The “M.I.T.” (MB Intelligent Tweaker) main screen only lists all sub-sections and reports the basic system data.
Then we see a purely informational “M.I.T. Current Status” sub-section telling you the current operational parameters of the system. Asus mainboards do not have a similar feature. It is hard to view this as a drawback, because there is no real need for a sub-section like that and you rarely check it out anyway. Maybe only if you have to take a screenshot for another review, or something like that.
The “Advanced Frequency Settings” sub-section allows you to adjust frequencies and multipliers and there are special informational parameters that will keep you posted about the changes you are making.
The settings dealing with processor technologies, detailed adjustment of the CPU clock frequency multiplier and power-saving modes are singled out onto a separate page called “Advanced CPU Core Features”.
Asus mainboards do not have a special page like that, but they do have all the features and functions, of course. The fine-tuning of the processor clock frequency multiplier is performed in the “Ai Tweaker” section, once you switch to the manual mode. The “CPU Power Management” sub-section allows configuring the parameters affecting “Intel Turbo Boost” technology. However, you do not have to do that, just like on Gigabyte mainboards, because the board will automatically adjust everything to match your selected overclocking goals.
However, you will have to make some additional effort to locate the parameters related to processor power-saving technologies in the Asus mainboard BIOS, because for some reason they are not part of the “Ai Tweaker” section. You have to go to “Advanced” section and then navigate to “CPU Configuration” sub-section. Not the most intuitive and not the most convenient approach, but they have been keeping this layout for a while now.
“Advanced Memory Settings” sub-section on Gigabyte mainboards allows you to fine-tune the memory sub-system.

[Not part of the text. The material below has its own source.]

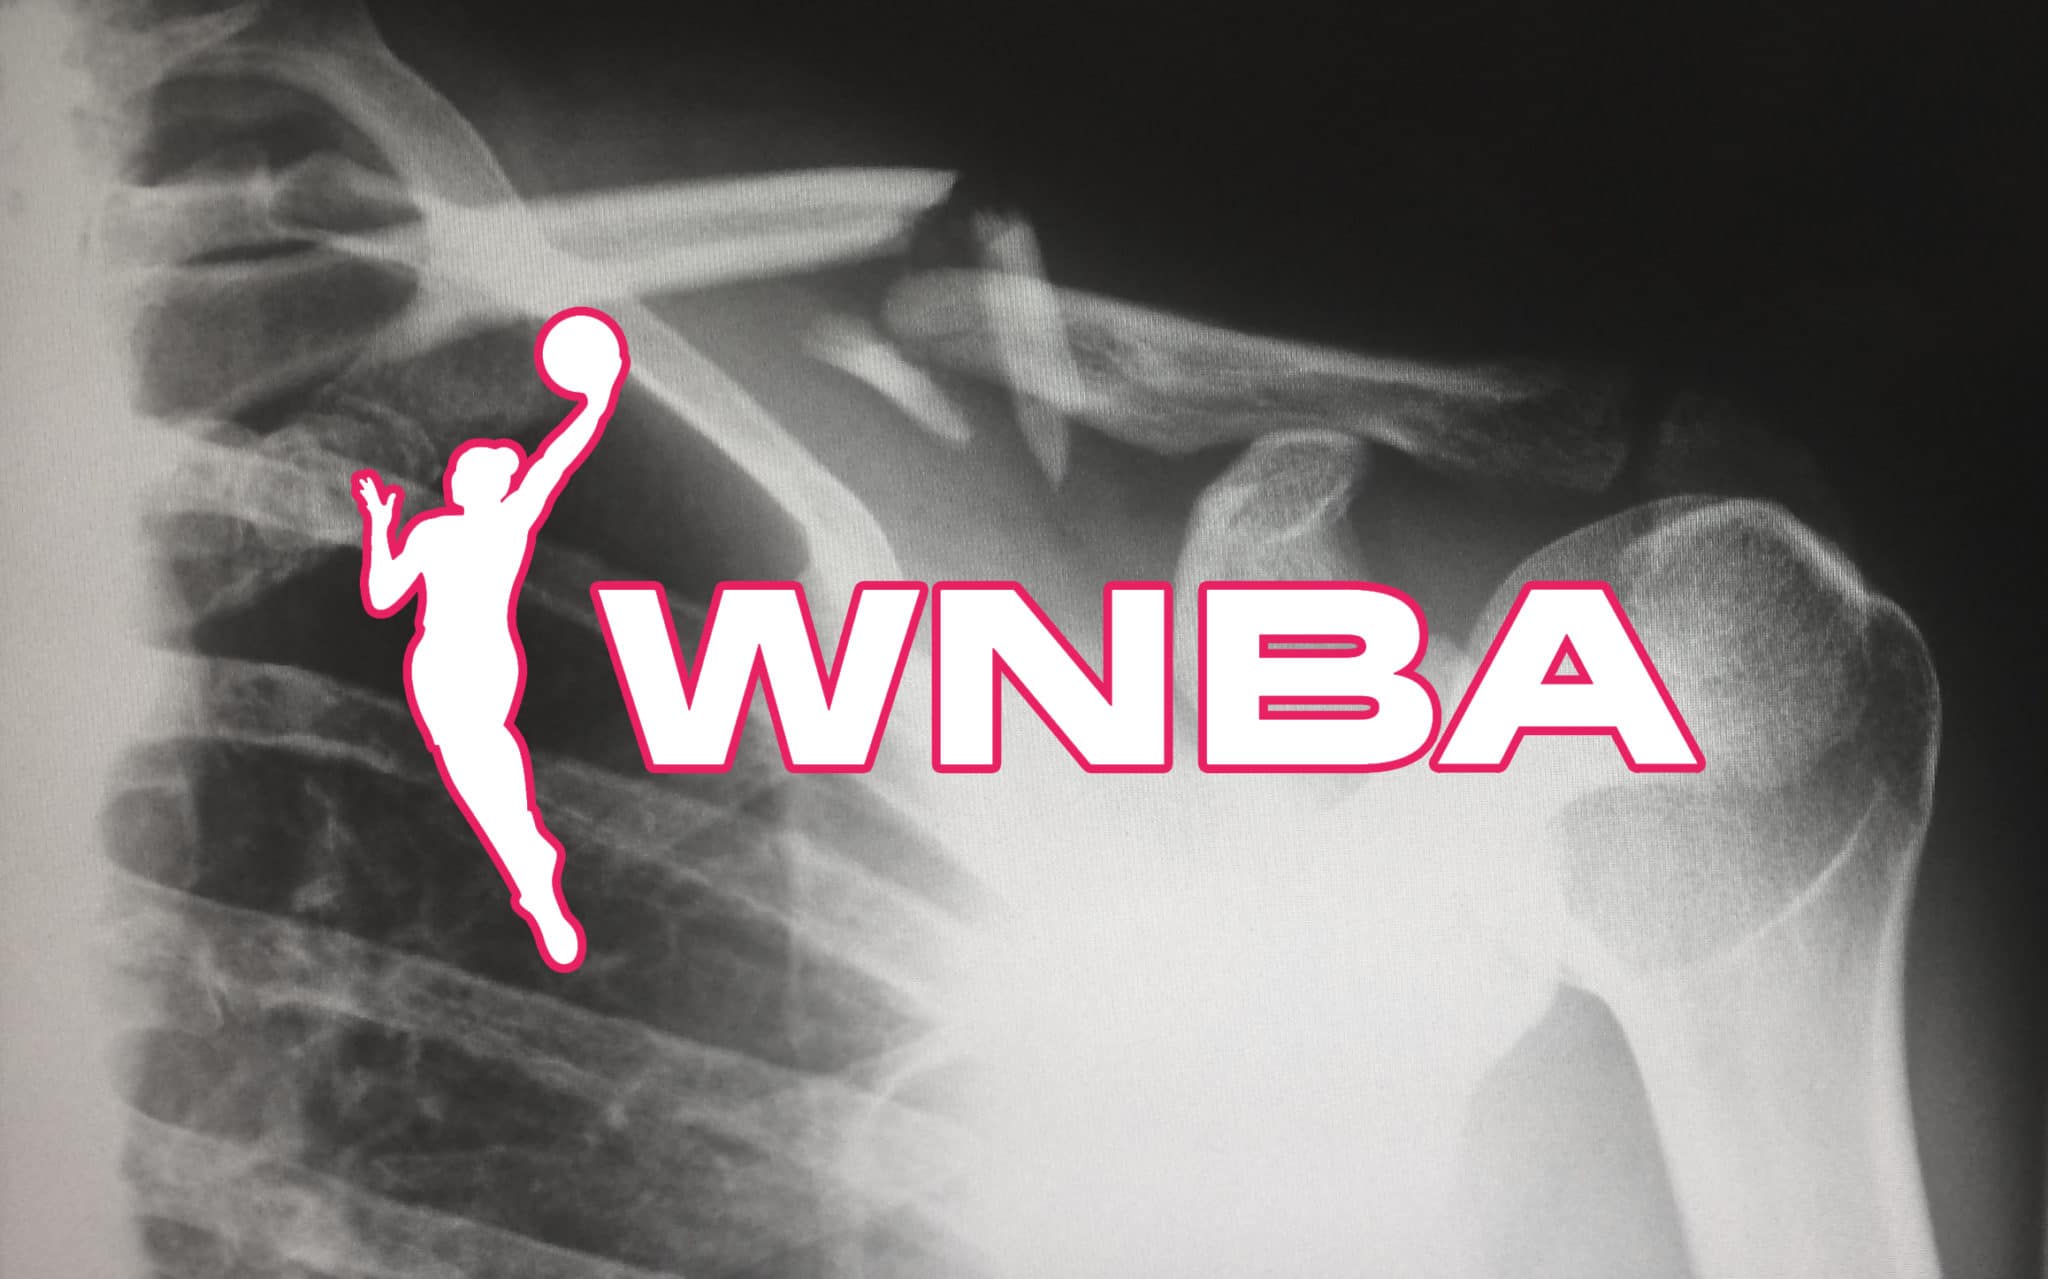 Dossier : les blessures en WNBA

Parameters controlling numerous memory timings are all on separate pages. You can set the timings simultaneously for both memory channels or individually for each one of them.
Asus mainboards also have memory timings configuring options on an individual page, in order to unload the main screen of the “Ai Tweaker” section. The parameters are indeed very numerous, but still very easy to work with. You can see all timings that the mainboard sets for each of the two memory channels. And you can adjust only a few selected timings, such as the main ones, for example, leaving all other settings at defaults.
In the beginning of this chapter we showed you a complete screenshot of the pretty extensive “Ai Tweaker” section. Now let’s check out the rest of its functionality. The lower part of the section is dedicated to voltages. Note, that you don’t need to go over to the “Monitoring” section to check the current voltages, as they are all listed right here next to each of the parameters used for changing these voltages, which is highly convenient. The voltages may be set above or below their nominal values.
You can’t help noticing numerous options related to the power and energy-efficiency of the digital DIGI+ voltage regulator. You can configure Asus’ proprietary power-saving technologies that allow changing the number of active phases in the voltage regulator circuitry depending on the CPU utilization right in the BIOS. “CPU Load-Line Calibration” technology that prevents the CPU Vcore from dropping under heavy load may be not only enabled or disabled, but also adjusted to deliver the desired effect.
Gigabyte mainboards use “Advanced Voltage Settings” sub-section to work with different voltages. Depending on the mainboard model all the parameters in this section are grouped into three or four separate pages. The “3D Power Control” page usually contains parameters, which appeared due to the introduction of “3D Power” technology. You can set the operational mode for the processor voltage regulator, adjust the level of Vdroop counteraction under heavy load and change a lot of other options right in the BIOS. The voltages in different parts of the processor can be changed on “CPU Core Voltage Control” page. The CPU Vcore may be locked at a certain value or you may also add a certain value to the nominal setting. The voltages may be not only increased, but also reduced below the nominal, which may come in very handy sometimes. For example, you may need it if your CPU is functioning at the lower than nominal frequencies or if you are using low-voltage memory modules.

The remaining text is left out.